Let's take a look at a few companies that humbled the prognosticators over the past few trading days.

We can start with Google (Nasdaq: GOOG). The global search engine leader saw its adjusted earnings climb 27% to $9.72 a share. Analysts, sensing deeper margin contraction, figured that Big G would only earn $8.74 a share.

Google's growth is unlikely to be matched by stateside rivals that are relying largely on their less lucrative display advertising business to bring home the bacon. The only public search companies likely to outshine Google are China's Baidu (Nasdaq: BIDU) and Russia's Yandex (Nasdaq: YNDX).

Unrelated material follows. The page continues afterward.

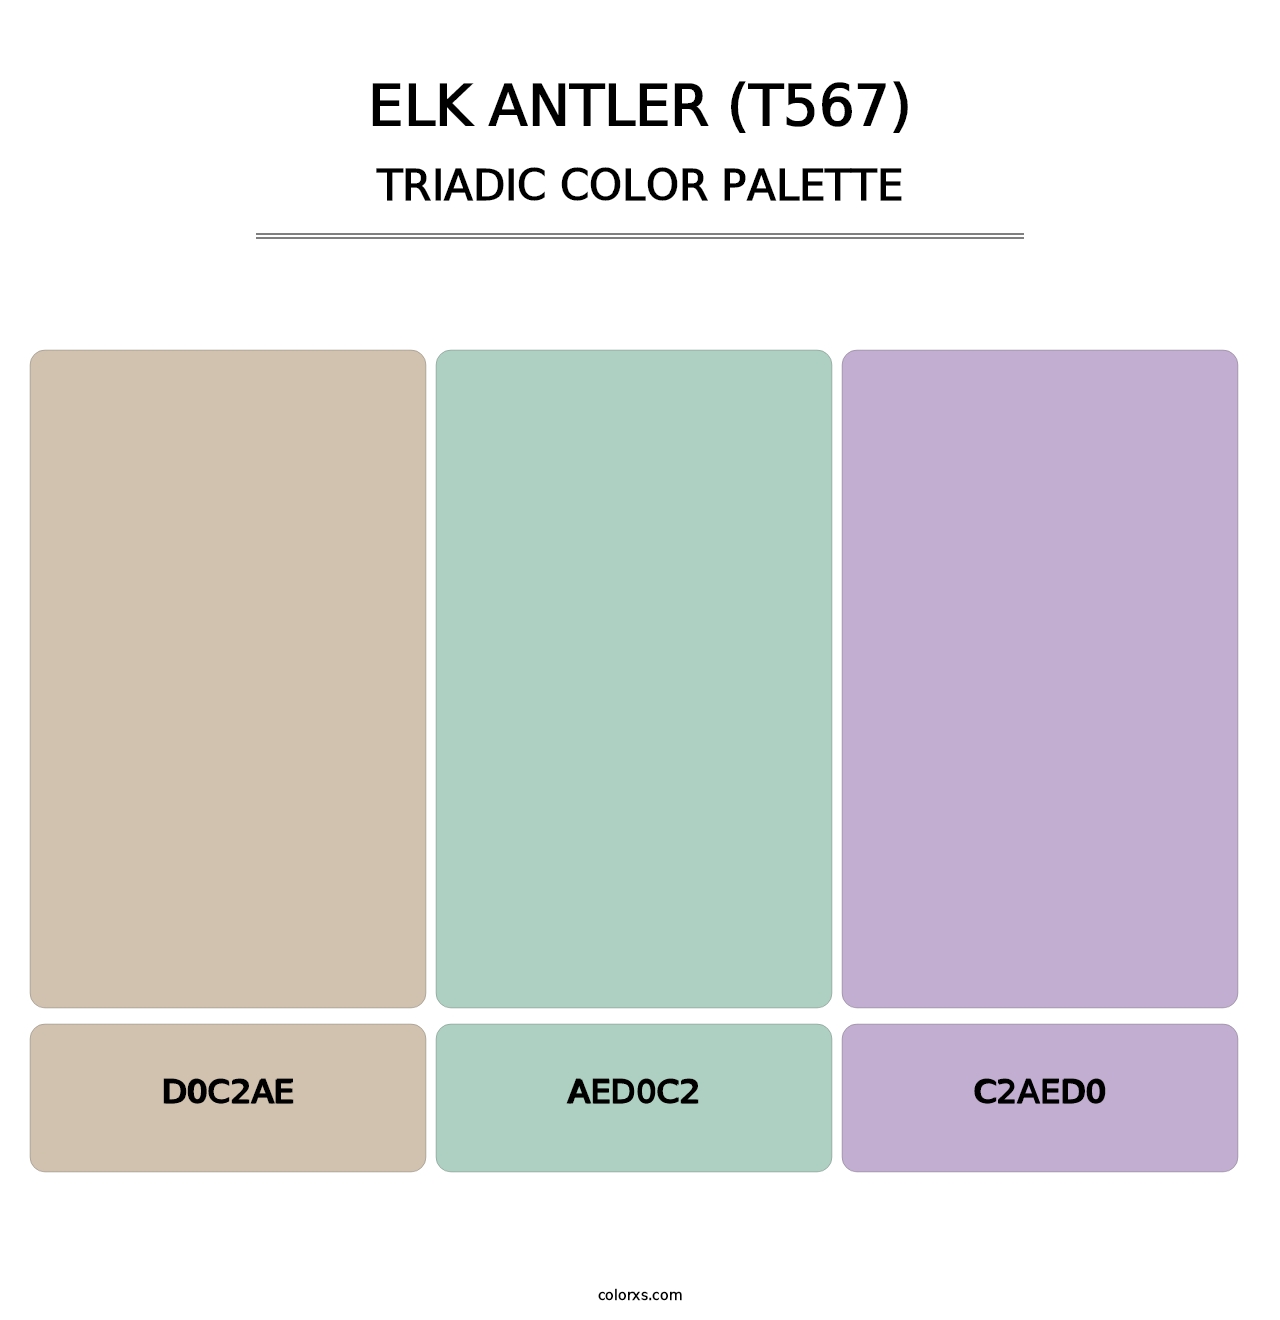 Elk Antler (T567) - Triadic Color Palette

Fairchild Semiconductor (NYSE: FCS) also beat the pros. The power and mobile products specialist rang up an adjusted profit of $0.34 a share, less than the $0.42 a share it earned a year earlier but better than the $0.32 a share that Wall Street was targeting.

Finally, we have JPMorgan Chase (NYSE: JPM) delivering a quarterly profit of $1.02 a share, blowing past the analysts perched at $0.91 a share.

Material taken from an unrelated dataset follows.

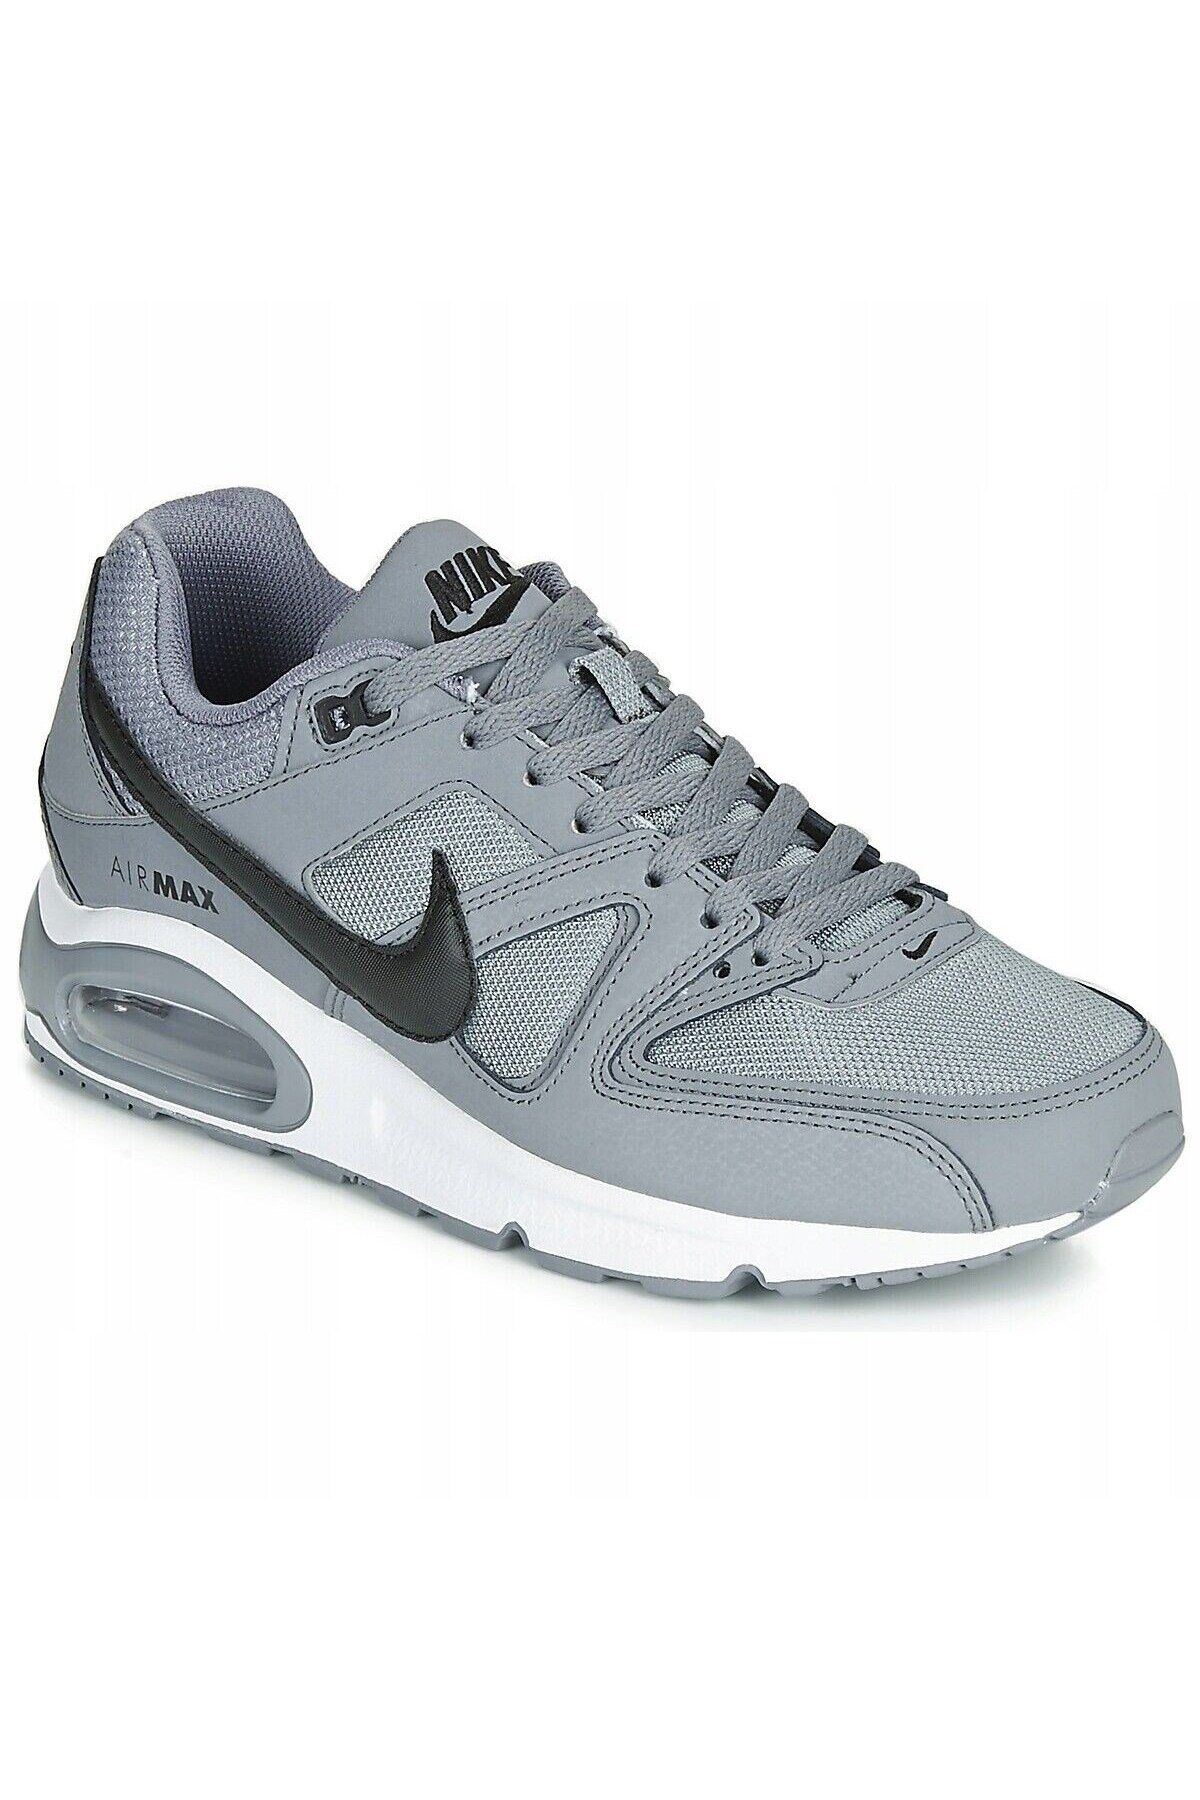 Nike Air Max Command Erkek Günlük Spor Ayakkabı 629993-012

It wasn't a clean beat for the banking giant. JPMorgan's results were buoyed by a valuation allowance on the bank's debt. However, the performance still establishes a somewhat upbeat tone as we head into a busy week of banker earnings.

It's important to keep watching the companies that surpass expectations. Over time, it will be a lucrative experience for investors as the market rewards the overachievers. That's the kind of surprise that we look for in the Rule Breakers newsletter service. Want in? Check out a 30-day trial subscription.

Either way, come back next Monday to learn about more stocks that blew the market away.

If you want to track these stocks to see if they come out ahead next quarter, add them to MyWatchlist:

The Motley Fool owns shares of JPMorgan Chase and Google. Motley Fool newsletter services have recommended buying shares of Baidu and Google. Try any of our Foolish newsletter services free for 30 days. We Fools may not all hold the same opinions, but we all believe that considering a diverse range of insights makes us better investors. The Motley Fool has a disclosure policy.

Longtime Fool contributor Rick Munarriz calls them as he sees them. He does not own shares in any of the stocks in this story. Rick is also part of the Rule Breakers newsletter research team, seeking out tomorrow's ultimate growth stocks a day early.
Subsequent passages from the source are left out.